Monday, August 06, 2007
Haydn Beynon - "down the pit"
"I went down the pit
You’ve got to remember the times. It was 1942. I was fourteen when I went in the colliery. When you look back it’s stupid because after two years in sanatoriums… (Craig-y-nos and Highland Moors).
I left school on the Friday and started work in the colliery with my father on the Monday. I can remember my father was a collier for forty-five years , and I can remember him saying that the manager said, ‘He can start but he’ll have to work with you because he’s not very big.’ But, of course, in those days, money was so scarce that mother was glad of me working.
Did they say anything to you about not working down the pit if you’d had TB?
No, they probably wouldn’t know.
I was working underground from fourteen till I was eighteen, and I ended up … where I was working it was wet.
Well, like as if it was raining, you were working underground but the water was coming off the roof and it was raining. And I can remember one Friday, I came home from work – seven till three I think the hours were – I came home soaking wet and I’d had enough of it, and I said to my mother, ‘I’m not working in the colliery any more.’
And her exact words to me were, ‘My handsome boy. Lovely,’ she said, ‘Take them off (working clothes).’
In those days, colliers didn’t have much money but they had a ton of coal every … about six weeks, I think it was, something like that, with the result … I can remember even when I came home from the sanatorium, that I couldn’t stick it (the heat). We had a small living room and the fire would be half way up the chimney.
It was red hot and I’d been used to the fresh air then. So, I came home this Friday, I can remember it distinctly, and I said to my mother, ‘I’ve had enough.’
She said, ‘Strip off,’
and I put my working clothes straight on the fire. She helped me. The whole lot, all my clothes, underwear, shoes, the lot went on the fire.
And my father came in. He was comical, a lovely man but blunt.
‘What the bloody hell are you doing?’ I said, ‘I’ve had enough.’ I had to go down to see the colliery manager. I went down to see him and, ‘Right,’ he said, ‘You know that you’ll be called up for the forces (this would be about 1942).’ I said, ‘I don’t care.’ He said, ‘Fill this form up with the reasons for leaving.’
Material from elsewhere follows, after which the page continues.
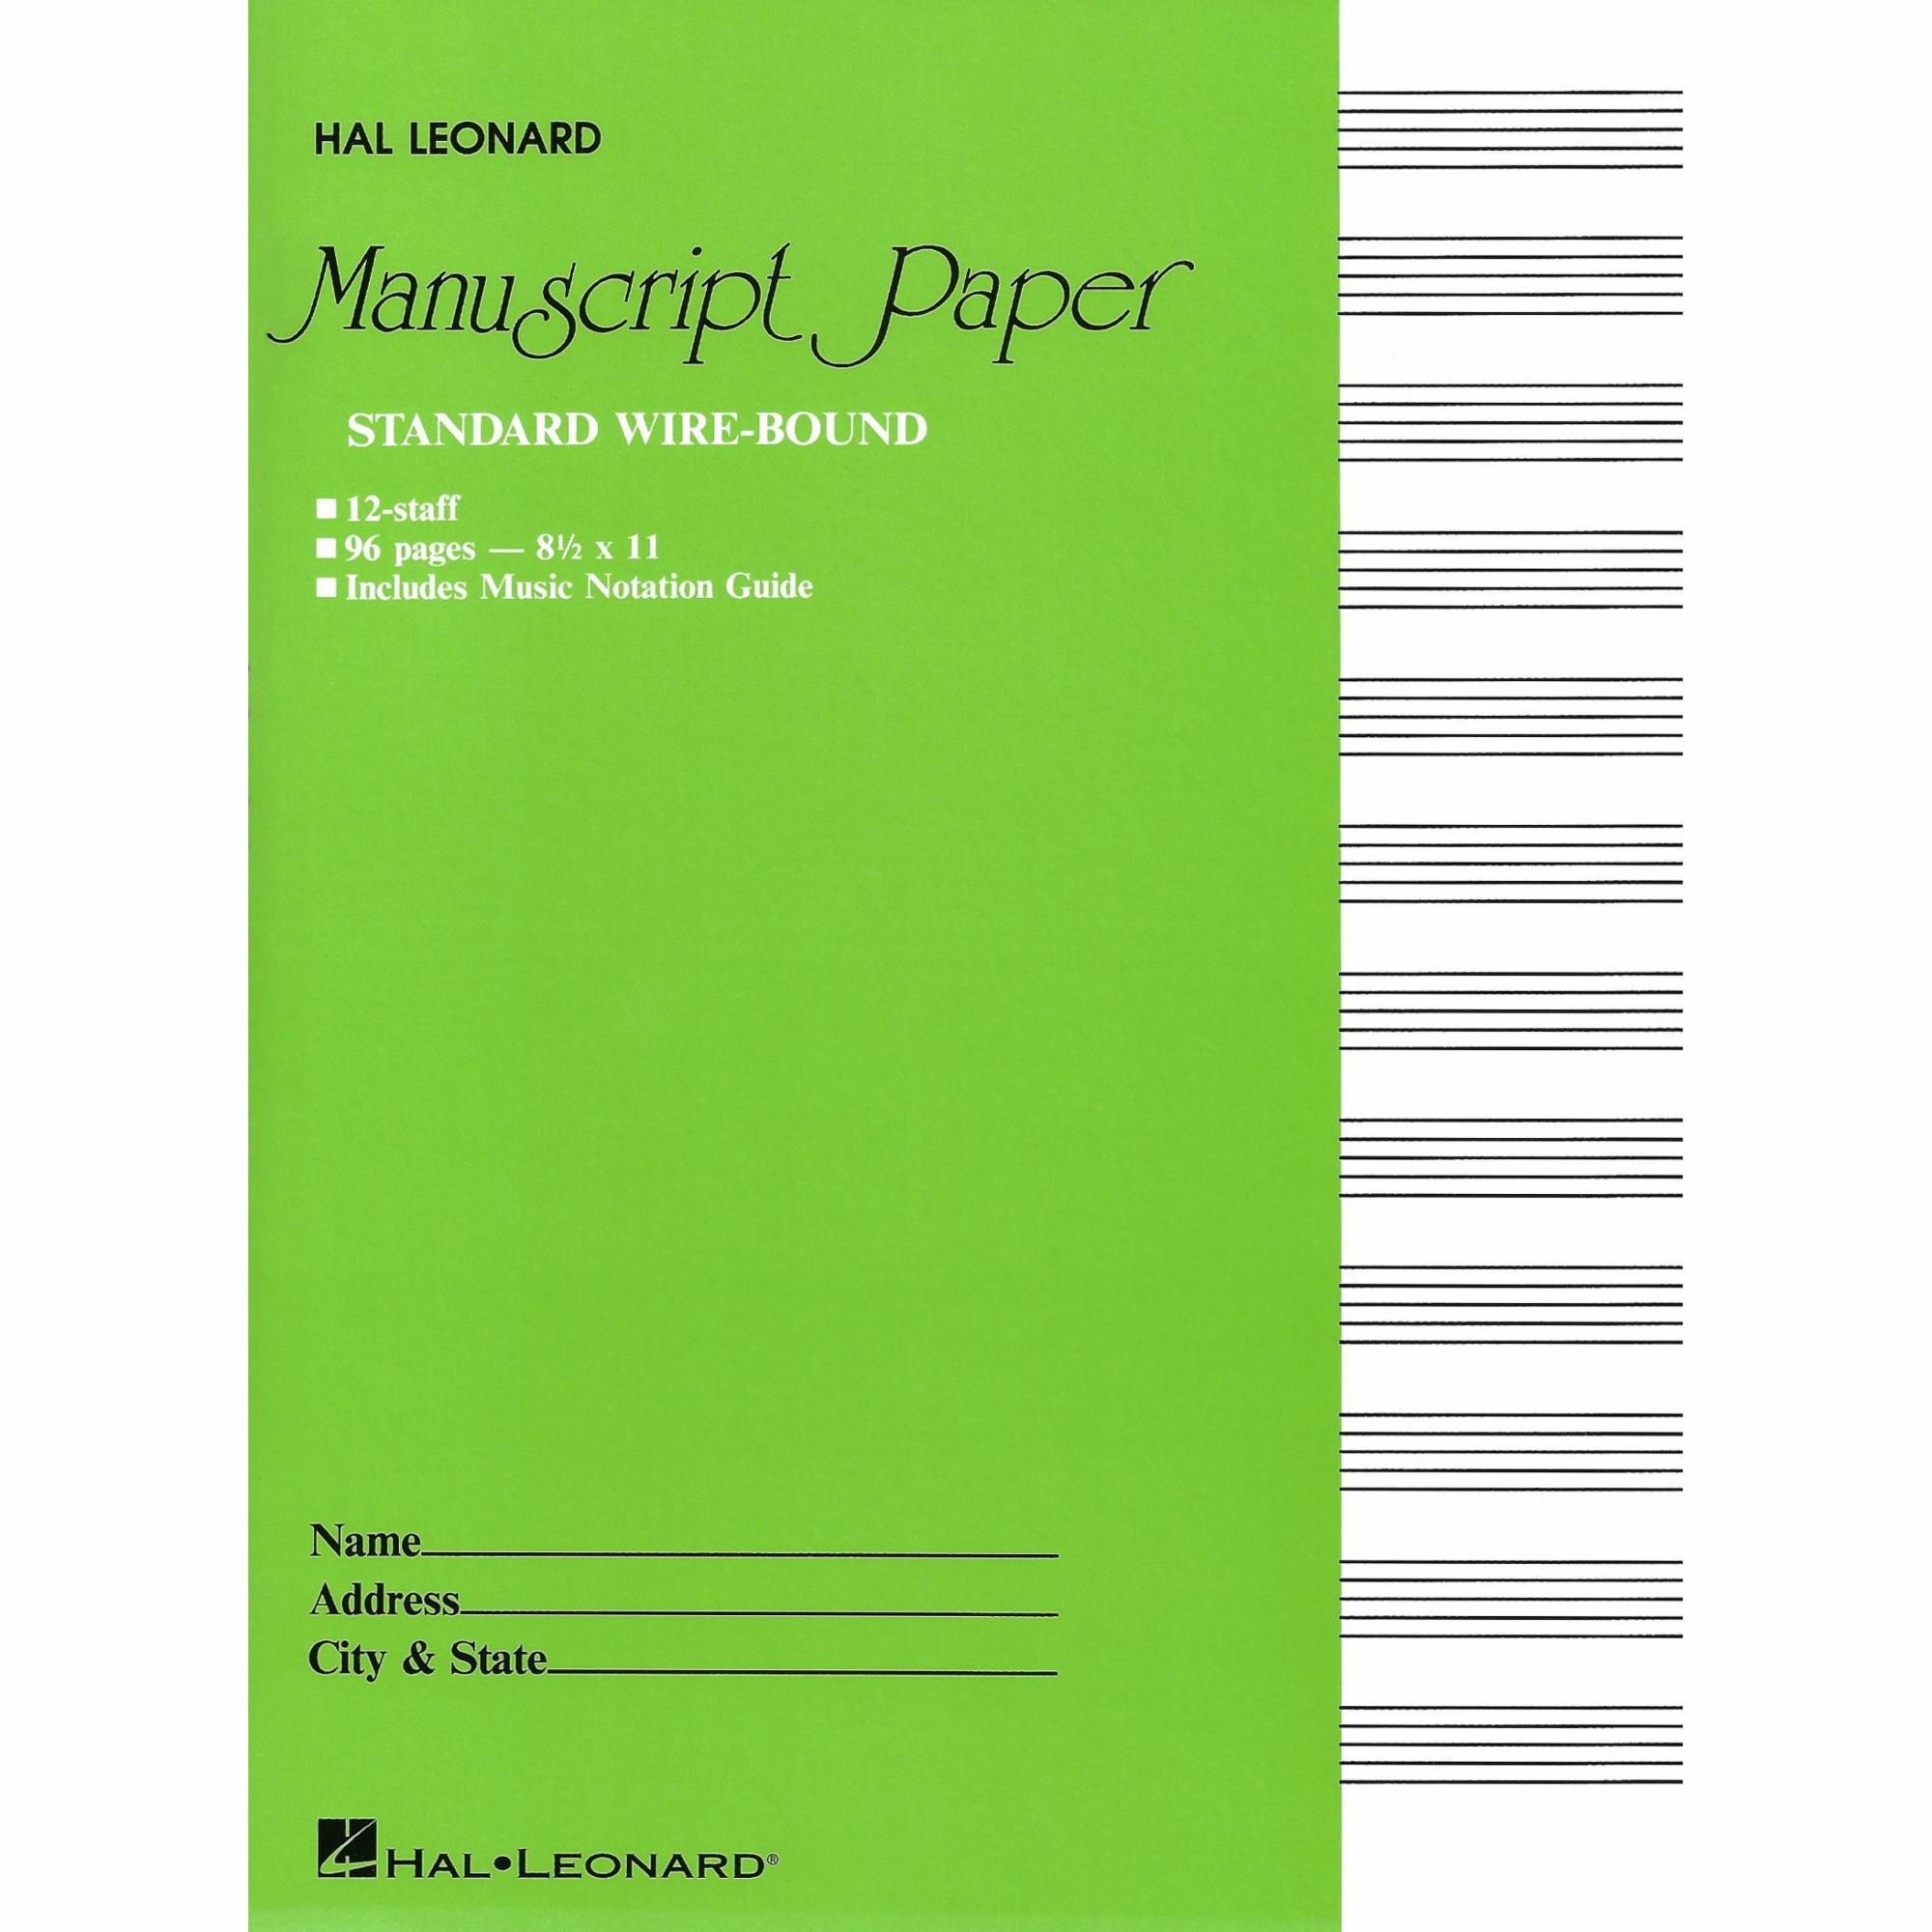 Standard Wire-Bound Manuscript Paper

I said, ‘Right,’ so I filled it up and said, ‘All the water leaking and bad air.’ Parts of it were stuffy, you know. And when I took it back, he was out with the pen and whoosh, whoosh, whoosh (deleted all the comments). He said, ‘There’s no bad air in our colliery.’
Within about about a fortnight I was called up.
I went in the Navy. Marvellous, I enjoyed it. I stayed on after (the war ended), only for an extra six or nine months. I stayed on. I was lucky. We travelled to many places, all over the world.
After the navy Haydn worked in the local steel works for more than thirty years.
Haydn Beynon was in conversation wtih Dr Carole Reeves, Outreach Historian,the Wellcome Trust Centre for the History of Medicine, University College London'.